The Civil Partnership Bill 2009, one of the most significant pieces of Irish law in the past few decades, has passed through the Dáil. Therefore, it is destined to become law but will first have to pass the Seanad and receive the Presidential signature. It will probably not take full effect until 2011, when the tax and social welfare laws have been amended in line with it and preparations are made to formalise civil partnerships.

I’ve written before about Part 15 of the Bill, which deals with cohabitants. This has received less attention, understandably, than the civil partnership elements of the law but Part 15 applies to all relationships, whether homosexual or heterosexual in nature.

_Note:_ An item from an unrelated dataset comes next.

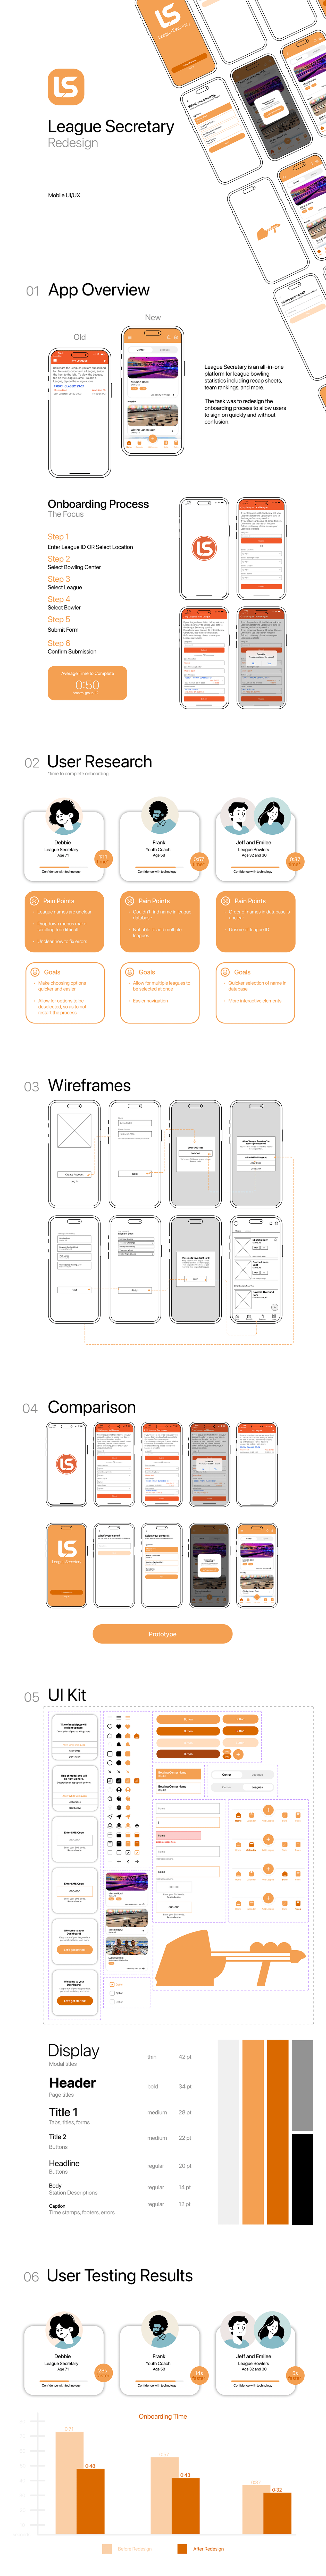 app redesign UI/UX Onboarding Figma component design wireframe prototype user interface Mobile app Case Study

Amendments have been made to Part 15 so that cohabitants will have to live together for 5 years before their rights arise (2 years if dependent children are involved) rather than the original 3 year qualification period proposed in the first draft of the Bill.

Professor John Mee has made a detailed critique of the legislation, primarily pointing out drafting errors and ambiguities in the Bill. He also made general observations that Part 15 might do more harm than good. These points do not appear to have been addressed. Nor does the Minister appear to have amended the title to highlight the cohabitant elements, as was expected. Update: via Maman Poulet I learn that this has now happened and the legislation bears this tongue-twister of a name: the Civil Partnership and Certain Rights and Obligations of Cohabitants Bill 2009.

Incidentally, there have been some suggestions (mostly from the odd Fianna Fáil backbencher) that the legislation is a Green Party measure, though Fianna Fáil’s manifesto for the 2007 general election (which predated coalition talks with the Green Party) contained a commitment to introduce the legislation.